Advertisement

The Advocate

From the Shelf

This November's Advocate contains much that, like the season, is mature as well as sophisticated. Mature writing shows signs of careful reflection about the subject--sophisticated writing, merely about the style. Alone, the former will be dull at first reading, the latter perhaps not dull before the second or third reading. The two traits well combined make for what the uninitiated call good writing; they are best combined here in an excerpt from a picaresque novel by Richard Robinson, and in at least two poems, "Epithalamion, 4 A.M." by Stephen Sandy, and "To Speed and Greta" by Richard Sommer.

Robinson's piece is the description by a man, of (as yet) unrevealed age and circumstances, of his childhood in Rome. The core of the episode is the tension between two parts of the child's education for and in life: the severe intellectual discipline to which his father subjects him, and the sensuousness of his environment, Rome.

A feeling of restrained emotion pervades each paragraph; the prose is unpoetical in any obvious sense--you can't scan it--but is yet extremely rich, especially in its combinations of sight and touch. Tension mounts to find release in some sensation such as the feel of soft fabric after a description of a memory exercise.

The selection printed in the Advocate has the virtue of containing ideas, both explicit, as the narrator is intelligent and articulate, and, we may infer, implicit, as Robinson can control the relationship between the reader and the narrator. Unfortunately, a defect of the "excerpt from a novel" as a literary form is here evident; the figure of the narrator can only begin to emerge. The reader finishes wanting to see more and unable to find it in print.
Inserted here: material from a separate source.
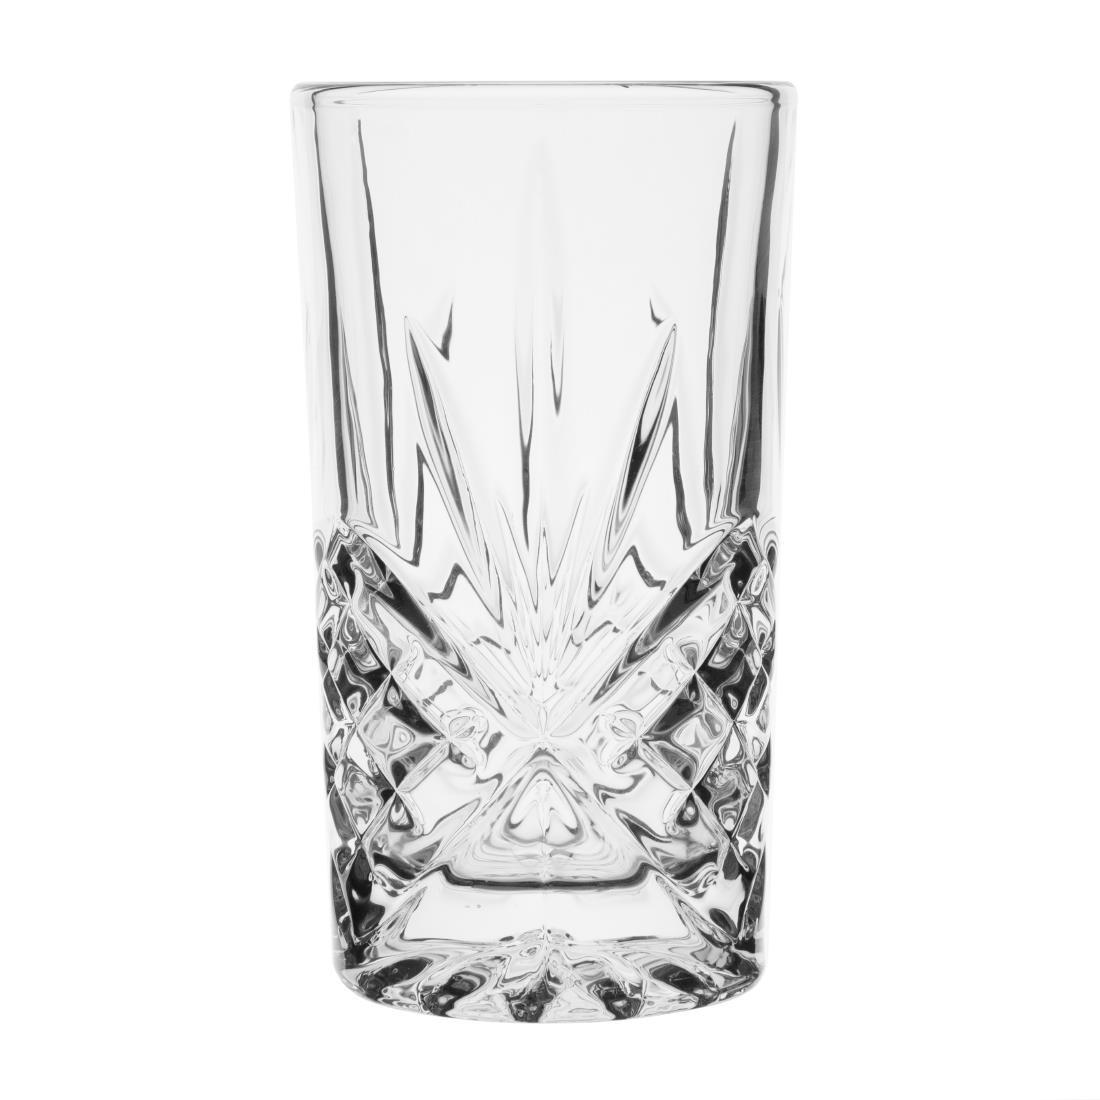 Olympia Old Duke Glass Tumblers 350ml (Pack of 6) - CW392  - 1

"Epithalamion, 4 A.M.," Sandy's poem, sings softly but firmly of the love of a bride and bridegroom, of dawn, joy, time, life, and the fear of death or the end of a moment. That's a large demand to make of any poem, but Sandy succeeds. A few metaphoric rough spots briefly mar the first three stanzas, but the last four rise evenly to a climax of considerable force, thanks to careful variations of rhythm combined with a consistent metaphor.

Advertisement

The full title of Richard Sommer's poem is "To Speed and Greta: A Word About Your Friend, Dead in Ambush; Algeria, November 1, 1957." It is a kind and wise, but realistic "Word." Sommer talks in verse about the memory of a dead friend and troubling inadequacies of memory. The metaphor of "masks" and "manikin" creates a speculative whole that reveals with emotion the sense of emptiness a death creates. One or two lines are too harsh for the general tone of the poem, however.

Also especially worthy of mention is Thomas Whitbread's "The Noble Reader and the Sight of Words." Actually more a prose poem than anything else, it describes the distraction which the image of words on a page can offer in an attempt to find their sense. Lightly philosophic, it is easy to read, despite the myriad images.

The rest of this issue fall short, in varying degrees, of the quality of the four pieces mentioned above. Sandy has another poem, "Vale," of "the morning after" variety. Some good metaphors lose out to bad ones and hazy grammar. "We See No Phoenix," by Jonathan Revere, is confused by inconsistent metaphor, though some bright colors and clear rhymes save it from dullness.

"Notes on the Demise of Charon" by Sandy Kaye has precise sounds and three minutely detailed images and is static. The short story by Mary Kaye, too highly stylized, provokes no emotions except near the very end.

Two further poems by Whitbread are successful within their own limitations. "Don Ottavio" is a very tight little tale treated with a light touch and and a shrug--amusing and bemused. "Notices" entertains.

A special category must be reserved for Arthur Freeman's "The Zoo of You." Freeman can play games with poetry and win them, as he does here. To the moment, he has also kept ahead of the post office authorities.